We exercise our discretion in awarding the Jacobses reasonable attorneys’ fees and costs pursuant to 29 U.S.C. § 1132(g)(1), taking into consideration the following five factors:
(1) the degree of the opposing parties’ culpability or bad faith; (2)the ability of *655the opposing parties to satisfy an award of fees; (8) whether an award of fees against the opposing parties would deter others from acting under similar circumstances; (4) whether the parties requesting fees sought to benefit all participants and beneficiaries of an ERISA plan or to resolve a significant legal question regarding ERISA; and (5) the relative merits of the parties’ positions.
Hummell v. S.E. Rykoff & Co., 634 F.2d 446, 453 (9th Cir.1980). Given that throughout the four month period that Laura was under Kaiser’s care for her bulimia, Kaiser never legitimately treated Laura despite the urgency of her situation, knew that it lacked any eating disorders program and, rather than refer Laura to non-plan care, essentially allowed Laura’s condition to decline to the point where her life was in jeopardy, we find such an award appropriate.
REVERSED and REMANDED with instructions that Kaiser reimburse the Jacobses for non-plan services and for an award of fees and costs.

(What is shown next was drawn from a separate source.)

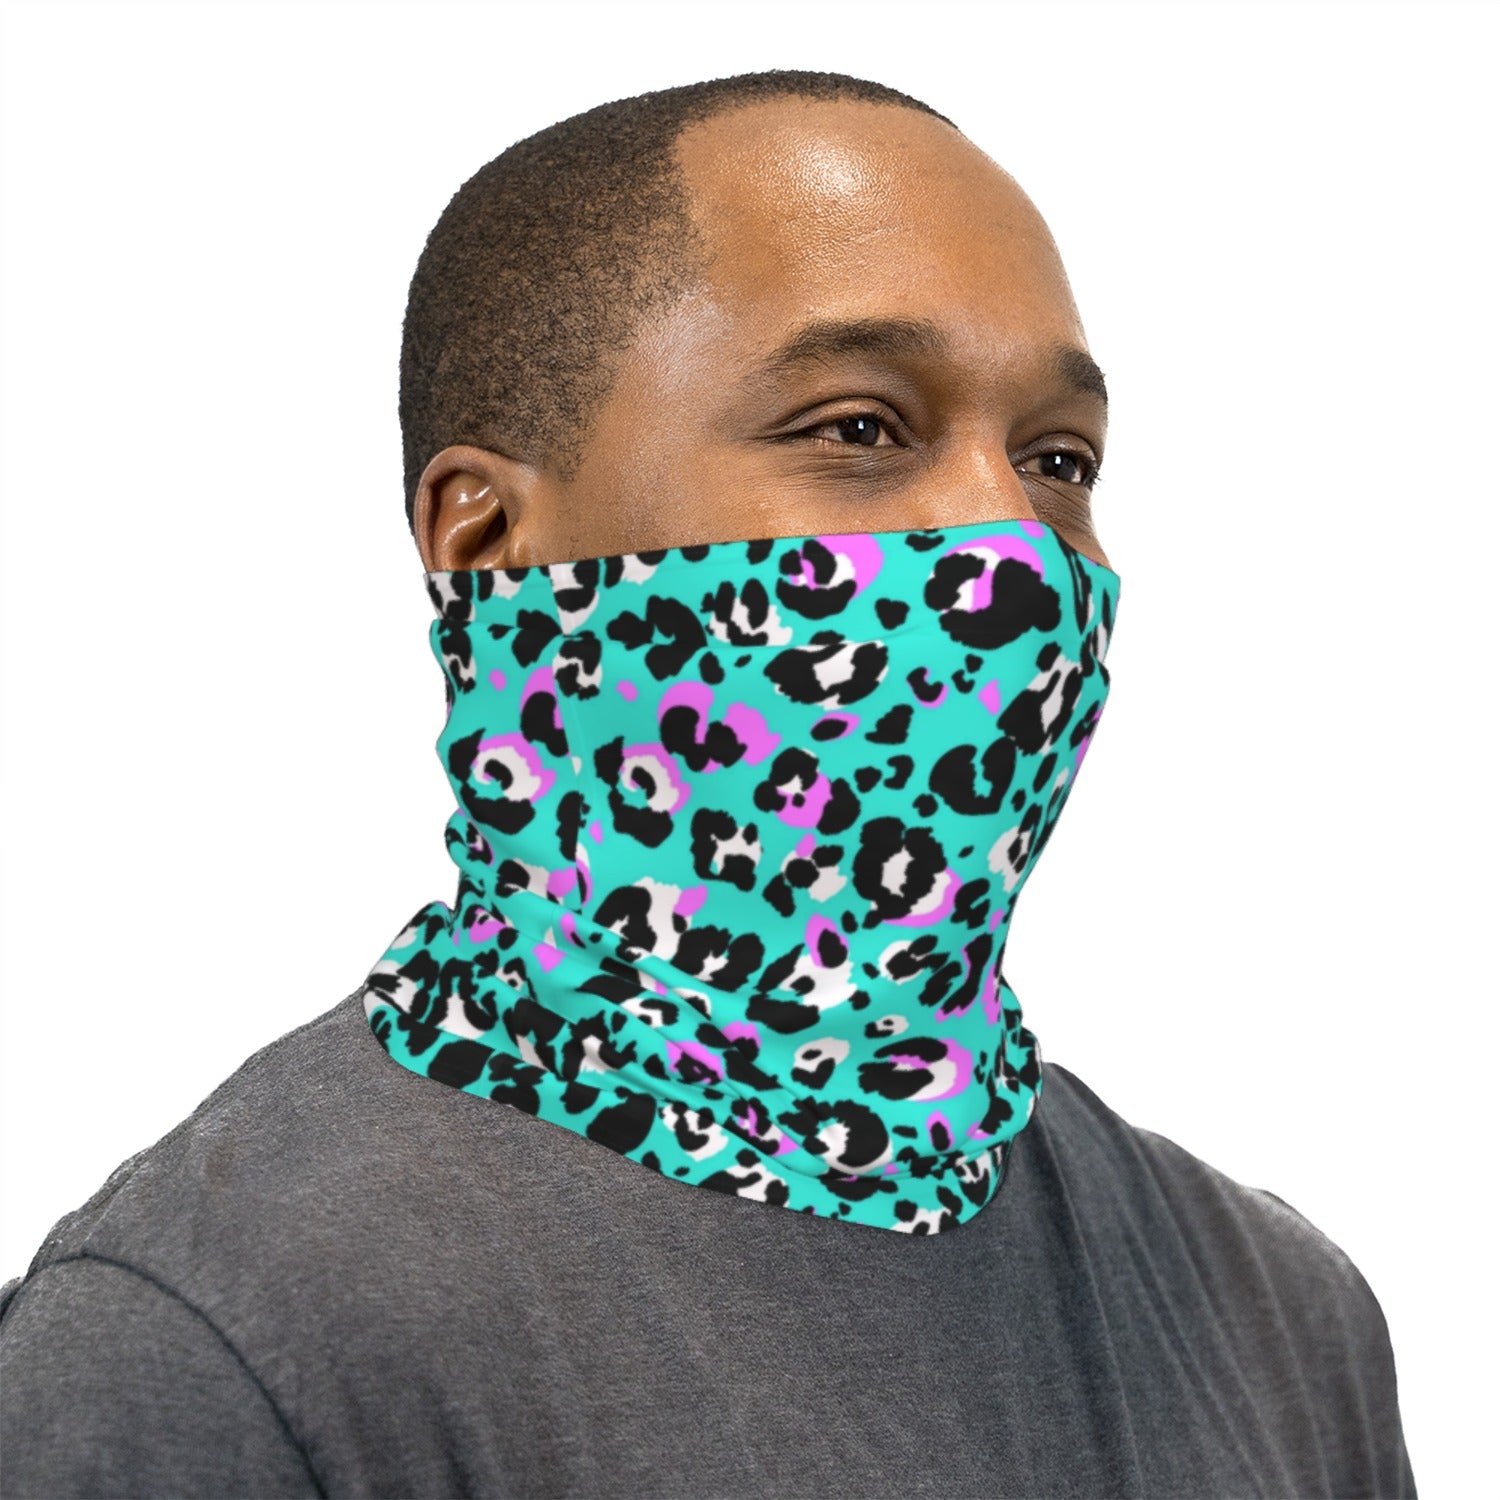 Turquoise Black and Pink Leopard Print Neck Gaiter Face Mask
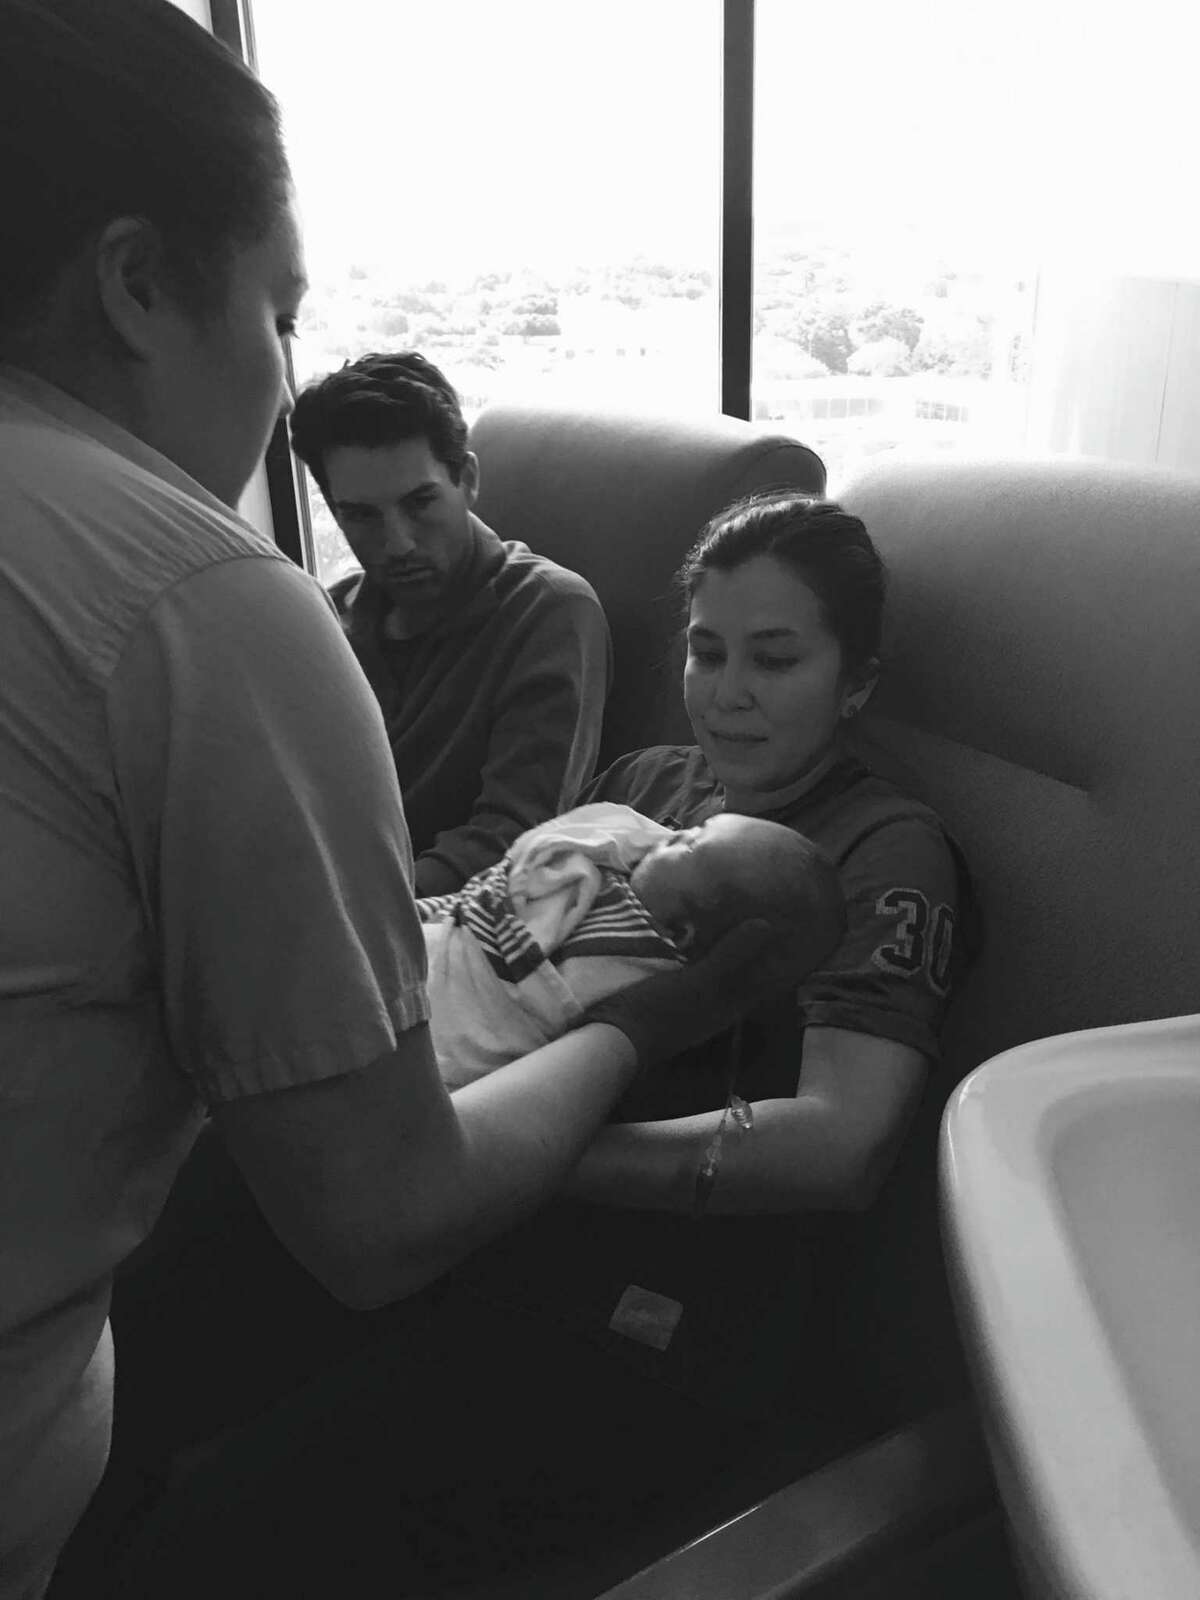 Vivian Graham holds her son, James, for the first time at North Central Baptist Hospital, as husband Braden Graham Sr. (center) looks on. James, who had a genetic mutation that prevented his limbs and chest from developing normally, died in her arms on Oct. 17, 2016, three days after his birth.

 This disposition is not appropriate for publication and is not precedent except as provided by 9th Cir. R. 36-3.

. We note that the district court did not have the benefit of the Abatie decision when it filed its own.

. Revealingly, Kaiser was in the process of developing specific eating disorders components for both its partial hospitalization program and its intensive outpatient program. That Kaiser would eventually have a program to address Laura’s needs, however, does not excuse its refusal to provide Laura with the care she needed when she needed it. Kaiser's conclusion that Laura did not need to be treated in an intensive eating disorders program at a time when it did not have its own intensive program is particularly suspect given its conflict of interest.